Вполне возможно, что это поэтическое прославление труда[300] внесло свою лепту в подготовку концепции ударного труда, введенной в первую пятилетку и направленной на трудовые подвиги и повышение производительности. Ударников, то есть тех, кто перевыполняет норму, чествуют как героев труда, агитируют подражать им, оказывают высокий общественный почет. (Был введен значок ударника коммунистического труда.) Кроме того, призванные стимулировать трудовой энтузиазм лозунги встречались на стенах не только заводских цехов или производственных помещений, но и домов, они были частью визуального наставления для ежедневно проходящих мимо советских граждан, соседствуя с лозунгами наподобие «Ленин жил, жив, будет жить». С таких ударников, как шахтер Алексей Стаханов, трактористка Паша Ангелина, паровозный машинист Петр Кривонос, сталевар Макар Мазай, брали пример – и в результате работники, неспособные к такому перевыполнению (или выполнению повышенной нормы), вынуждены были сталкиваться с вычетами из зарплаты и штрафами. На практике норма для подневольных работников означает производство определенного числа единиц за определенное время или же добычу и транспортировку определенного (измеряемого, например, в тачках, вагонетках) количества чего-либо (угля, кобальта, золота, никеля, древесины) за установленный срок (нередко вплоть до двенадцати часов).

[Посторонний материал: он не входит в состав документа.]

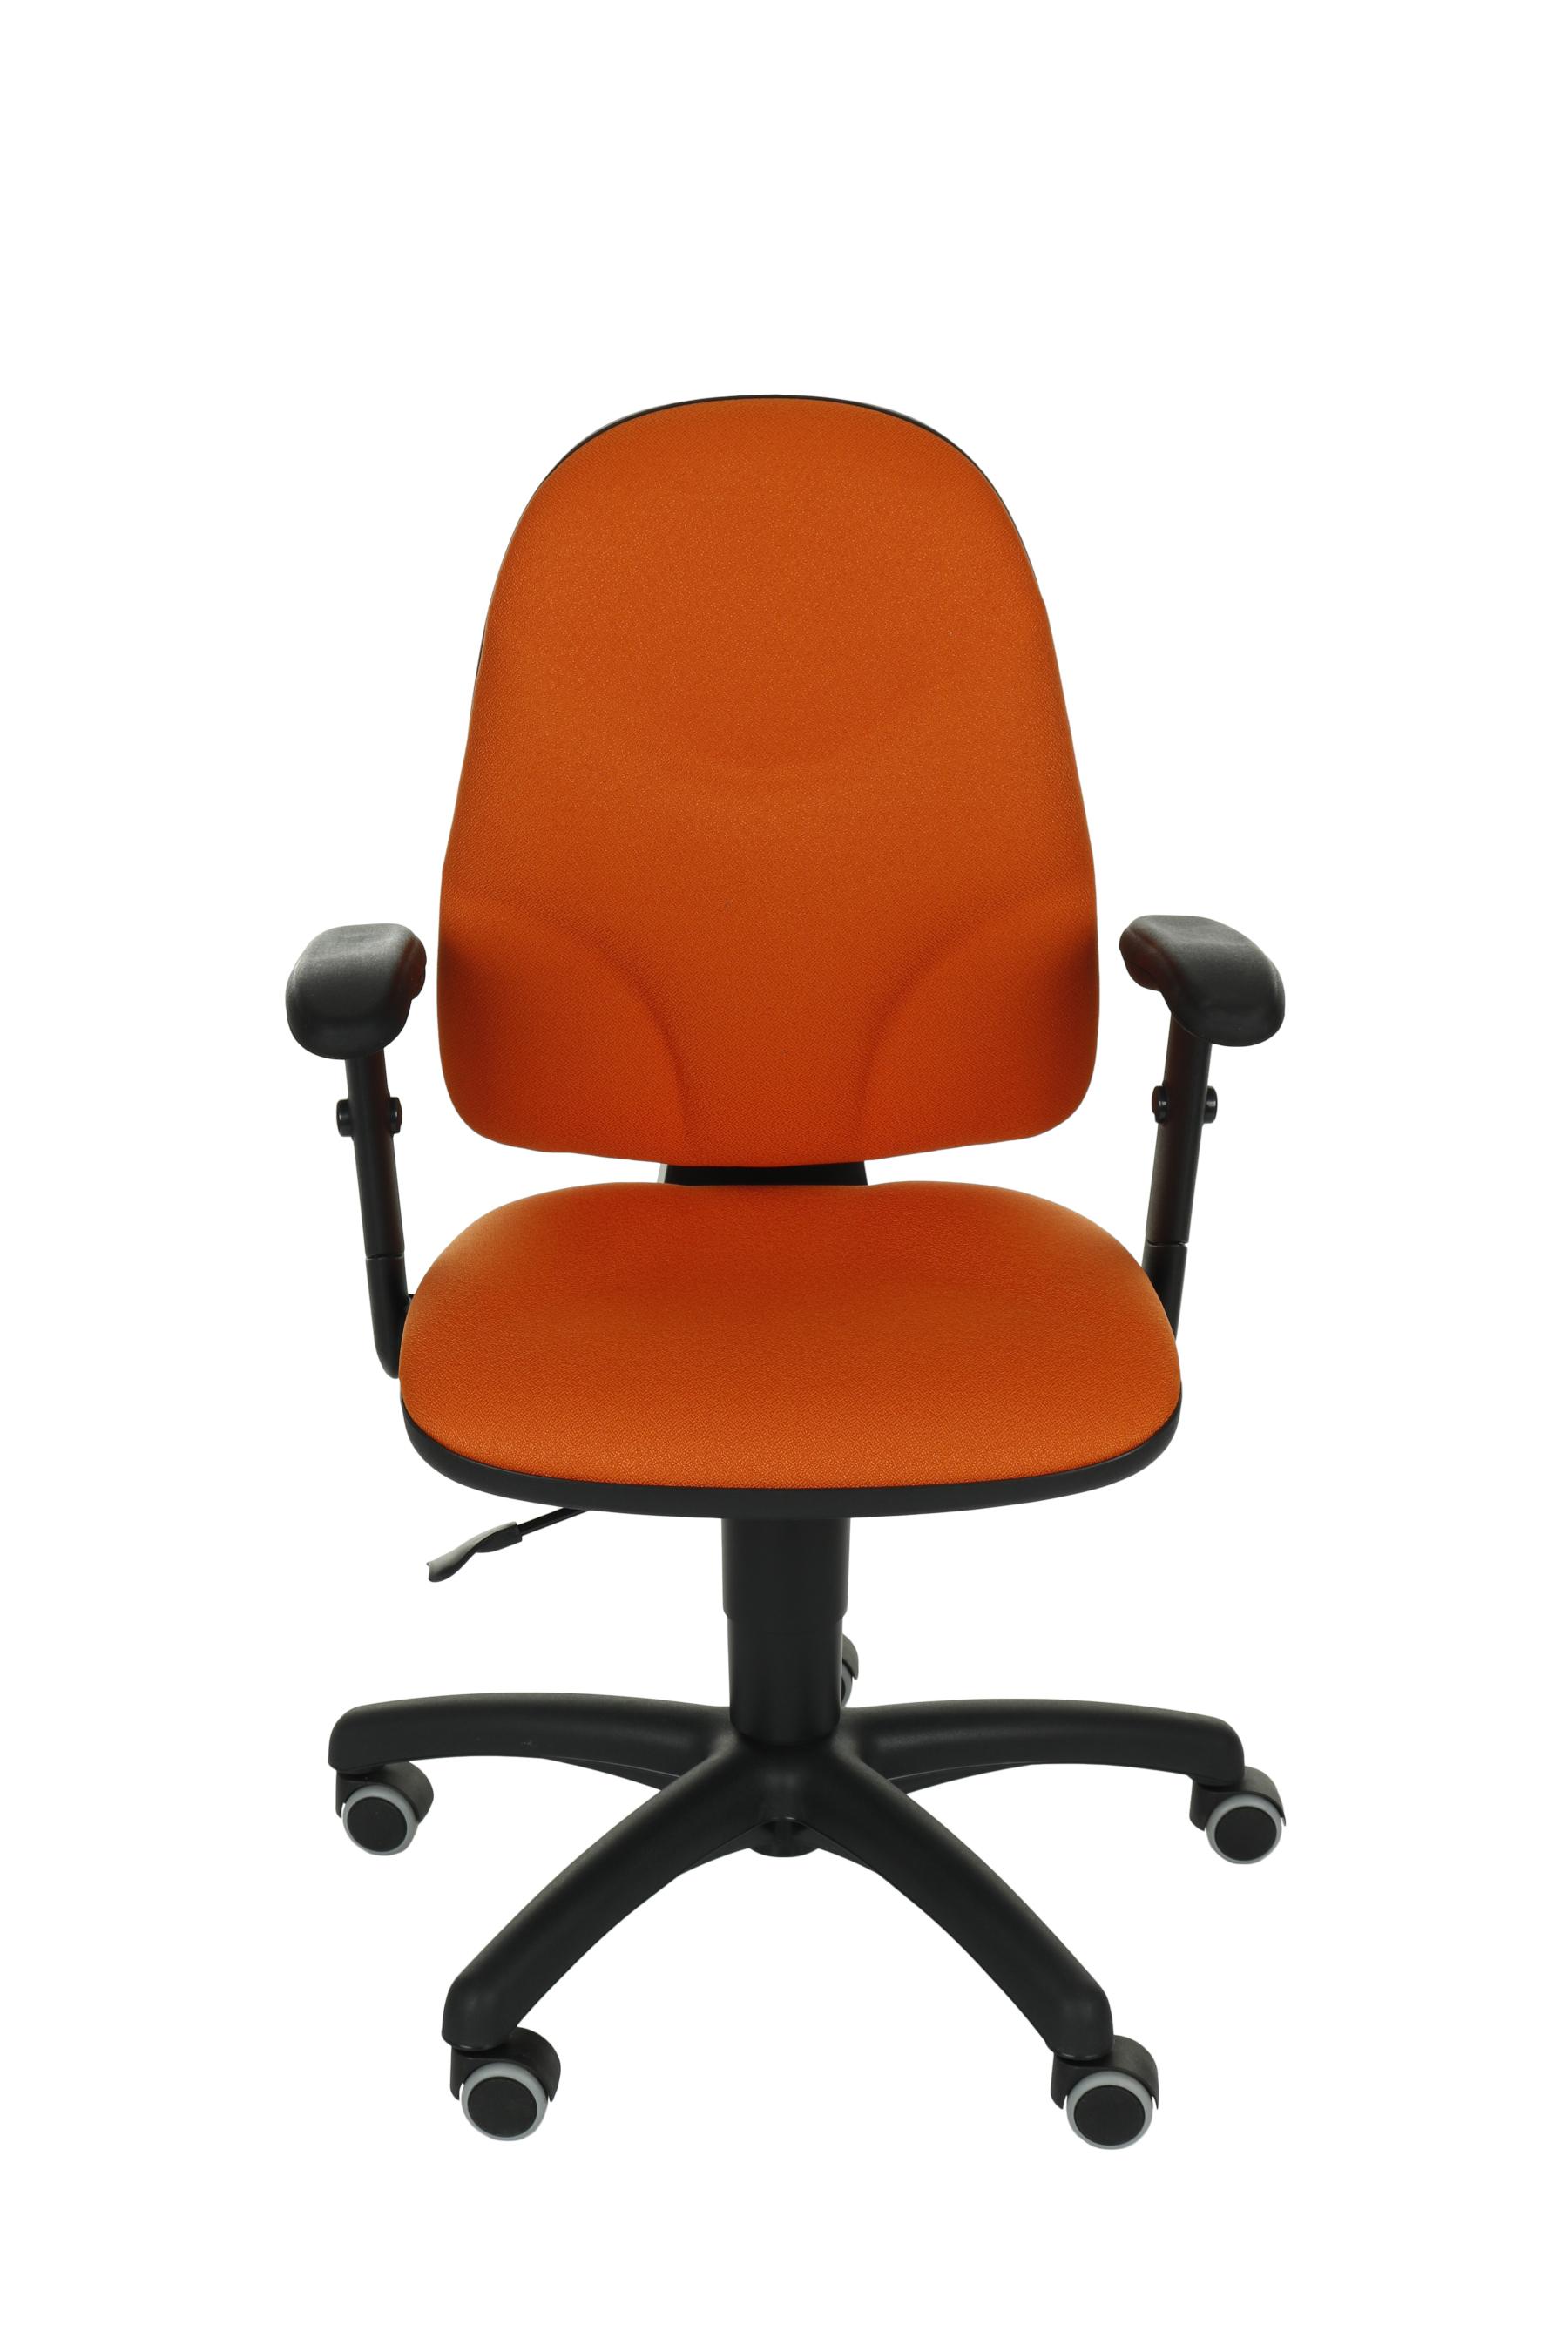 Krzesło Webst@r R YB130 OUTLET
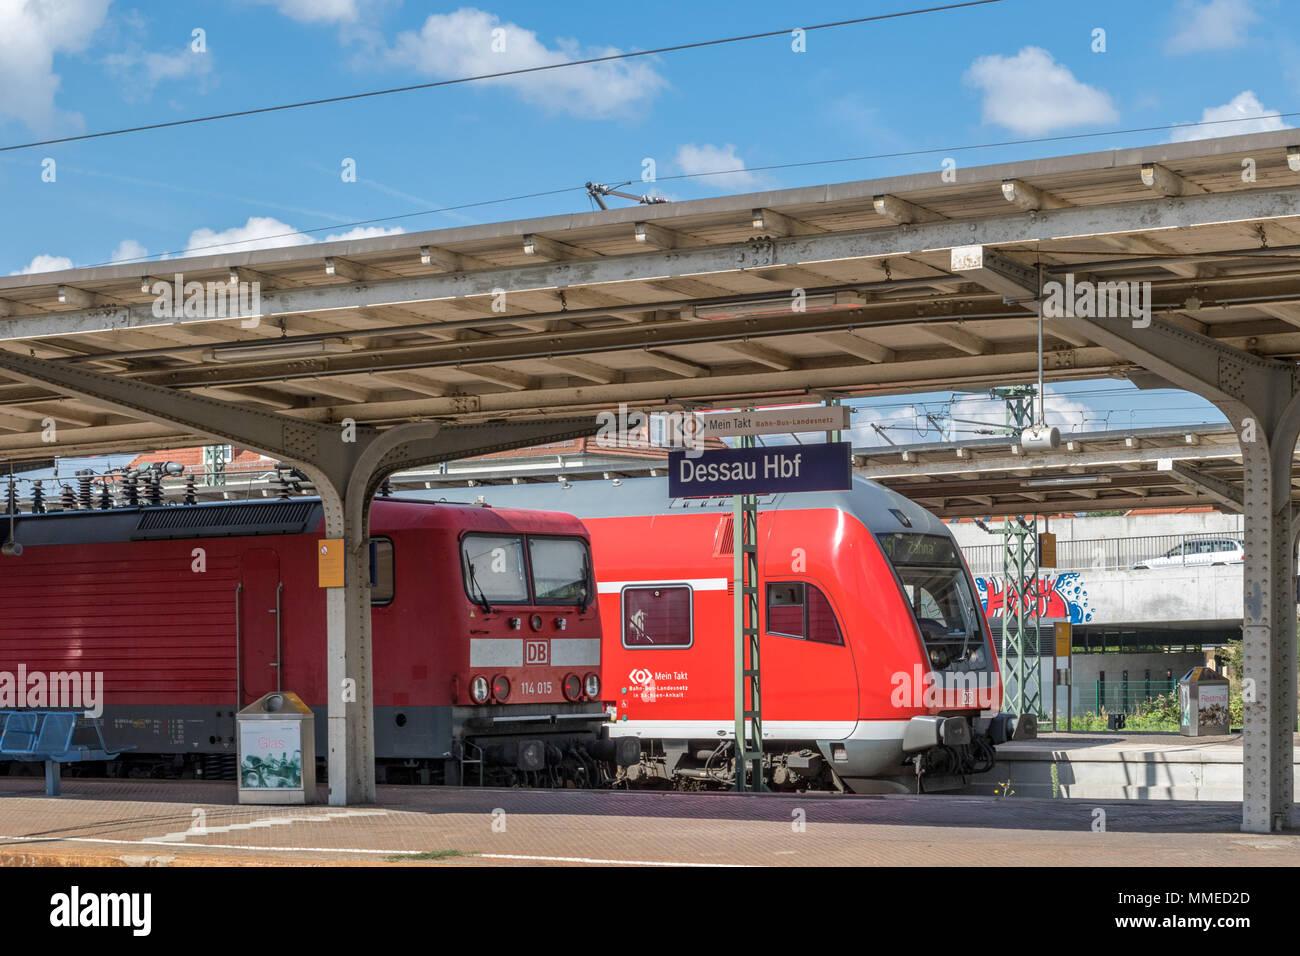 Regionalzuege im Dessauer Hauptbahnhof Stockbild

От результата зависело распределение пищи. Согласно системе, введенной прошедшим путь от уголовника до начальника производственного отдела лагеря Нафталием Френкелем, хлебная пайка зависела от выполнения стахановской нормы. Концепция нормы превратилась в главный фактор эффективности труда. Явных указаний на преемственность по отношению к предыстории нормы нет, хотя обязательным мерилом трудовых достижений она была уже на царской каторге. В книге о ссыльно-каторжной системе на острове Сахалин Антон Чехов упоминает «норму» как связанное с распределением пищи количественное обозначение[301].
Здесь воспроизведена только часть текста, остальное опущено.